Metadata-Version: 2.1
Name: mlbnb
Version: 0.1.5
Summary: Machine learning bread and butter - a collection of basic deep learning tools
Author-Email: Jonas Scholz <jonas.scholz123@gmail.com>
License: MIT
Requires-Python: >=3.11
Requires-Dist: torch>=2.4.0
Requires-Dist: numpy>=2.0.1
Requires-Dist: pytest>=8.3.2
Requires-Dist: omegaconf>=2.3.0
Requires-Dist: loguru>=0.7.2
Requires-Dist: wandb>=0.17.5
Requires-Dist: pandas>=2.2.2
Requires-Dist: pre-commit>=4.2.0
Requires-Dist: tqdm>=4.67.1
Requires-Dist: ruff>=0.9.4
Requires-Dist: ty>=0.0.1a3
Description-Content-Type: text/markdown

# mlbnb

Machine learning bread and butter - a collection of tools for PyTorch-based machine learning experiments.

This library provides utilities to streamline common tasks such as experiment management, checkpointing, and data handling.

To jumpstart your ML experiment codebase, check out the associated [scaffolding-v3 repo](https://github.com/jonas-scholz123/scaffolding-v3), which uses mlbnb.

## Core Components

### `ExperimentPath`

The `ExperimentPath` class helps manage the directory structure for your experiments. It can generate unique run names and save your experiment configuration.

**Example:**

```python
from pathlib import Path
from omegaconf import OmegaConf
from mlbnb.paths import ExperimentPath

# Define your experiment configuration
cfg = OmegaConf.create({
    "learning_rate": 1e-3,
    "model": {
        "name": "resnet18",
        "pretrained": True
    },
    "dataset": "cifar10"
})

# Create a new experiment path
# This will create a directory like: /tmp/experiments/2025-06-26_11-02_witty_zebra
exp_path = ExperimentPath.from_config(cfg, root=Path("/tmp/experiments"))

print(f"Experiment directory: {exp_path}")

# The configuration is saved automatically
saved_cfg = exp_path.get_config()
assert saved_cfg == cfg

# You can also create paths for files within the experiment directory
model_dir = exp_path / "models"
model_dir.mkdir()
print(f"Model directory: {model_dir}")
```

### `CheckpointManager`

The `CheckpointManager` simplifies saving and loading the state of your training loop, including the model, optimizer, and random number generators.

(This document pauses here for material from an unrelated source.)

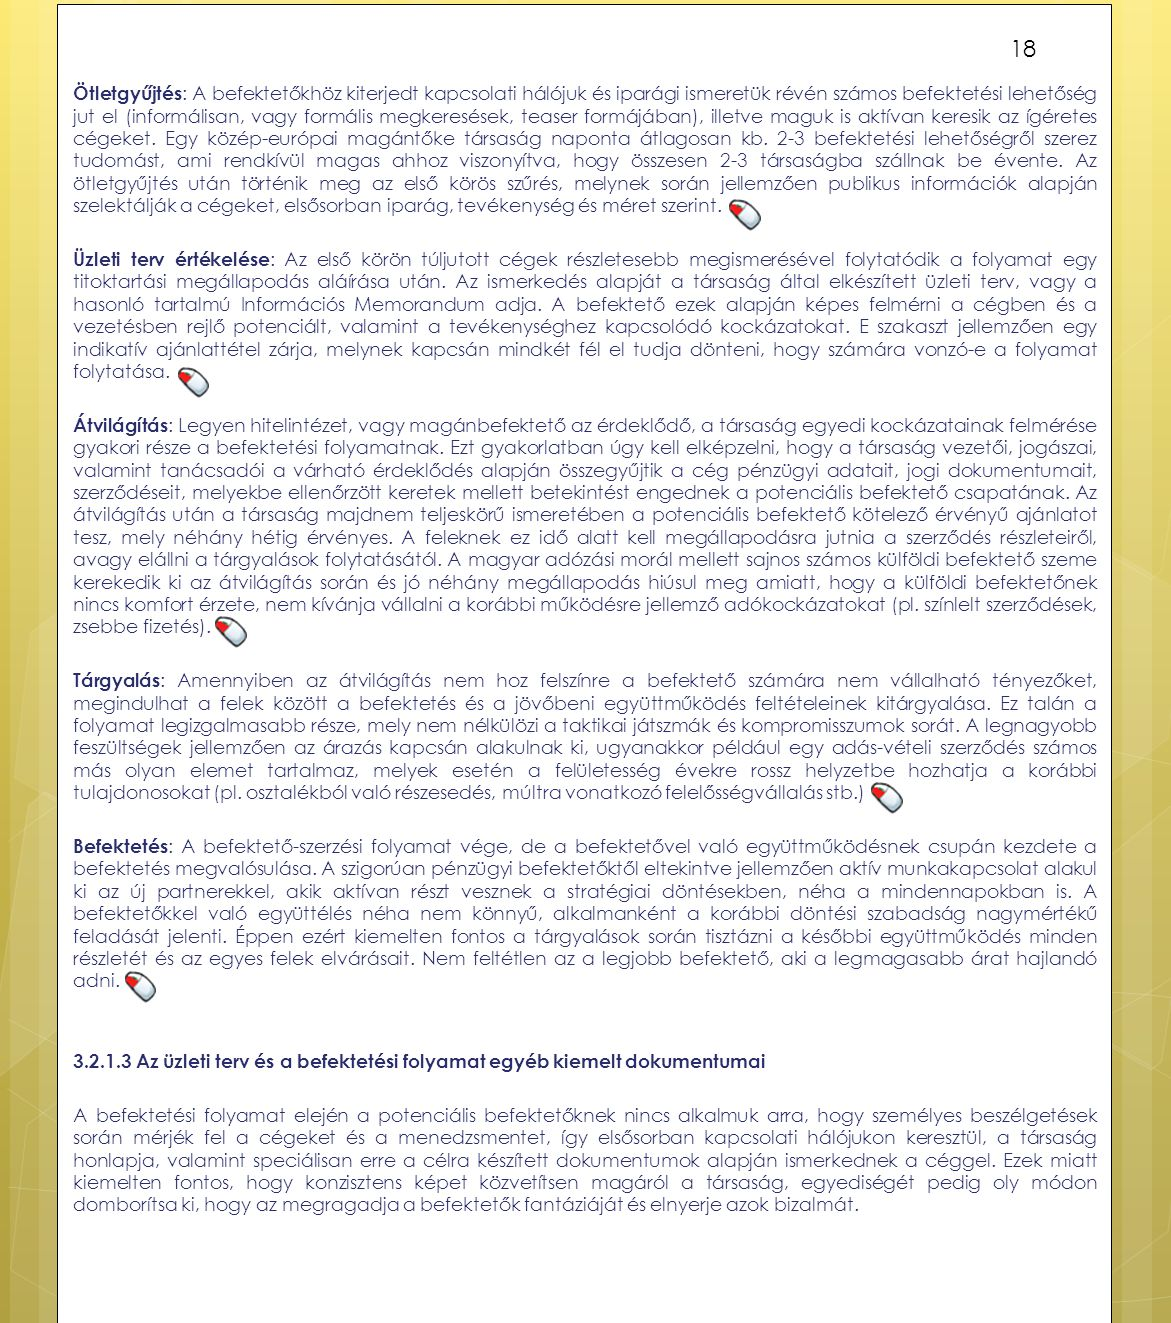 Ötletgyűjtés : A befektetőkhöz kiterjedt kapcsolati hálójuk és iparági ismeretük révén számos befektetési lehetőség jut el (informálisan, vagy formáli

It integrates with `ExperimentPath` to store checkpoints within your experiment's directory.

**Example:**

```python
import torch
from torch import nn, optim
from mlbnb.checkpoint import CheckpointManager
from mlbnb.paths import ExperimentPath

# Assume exp_path is an existing ExperimentPath instance
exp_path = ExperimentPath(root="/tmp/experiments", name="my-first-experiment")

# Initialize components
model = nn.Linear(10, 2)
optimizer = optim.Adam(model.parameters())
generator = torch.Generator()

# Create a CheckpointManager
checkpoint_manager = CheckpointManager(exp_path)

# Save a checkpoint
checkpoint_manager.save_checkpoint(
    name="epoch_1",
    model=model,
    optimiser=optimizer,
    generator=generator
)
print(f"Saved checkpoints: {checkpoint_manager.list_checkpoints()}")

# Later, you can restore the state
new_model = nn.Linear(10, 2)
new_optimizer = optim.Adam(new_model.parameters())
new_generator = torch.Generator()

checkpoint_manager.reproduce(
    name="epoch_1",
    model=new_model,
    optimiser=new_optimizer,
    generator=new_generator
)

print("Restored state from checkpoint.")
```

## Other Utilities

`mlbnb` also includes several other helpful modules:

- **`WandbLogger` & `WandbProfiler`**: For logging metrics and profiling code with Weights & Biases.
- **`StepIterator`**: An iterator that runs for a fixed number of steps, to turn training from "num epochs" to "num steps" cleanly.
- **`LabelledArray`**: A NumPy array wrapper that allows indexing by named coordinates, similar to xarray, supporting memmaps.
- **`checksum`**: A utility to compute a checksum for objects containing tensors to verify reproducibility.
- **`EarlyStopper`**: Stop training when a metric stops improving.
- **`CachedDataset`**: A PyTorch `Dataset` wrapper that caches items in memory.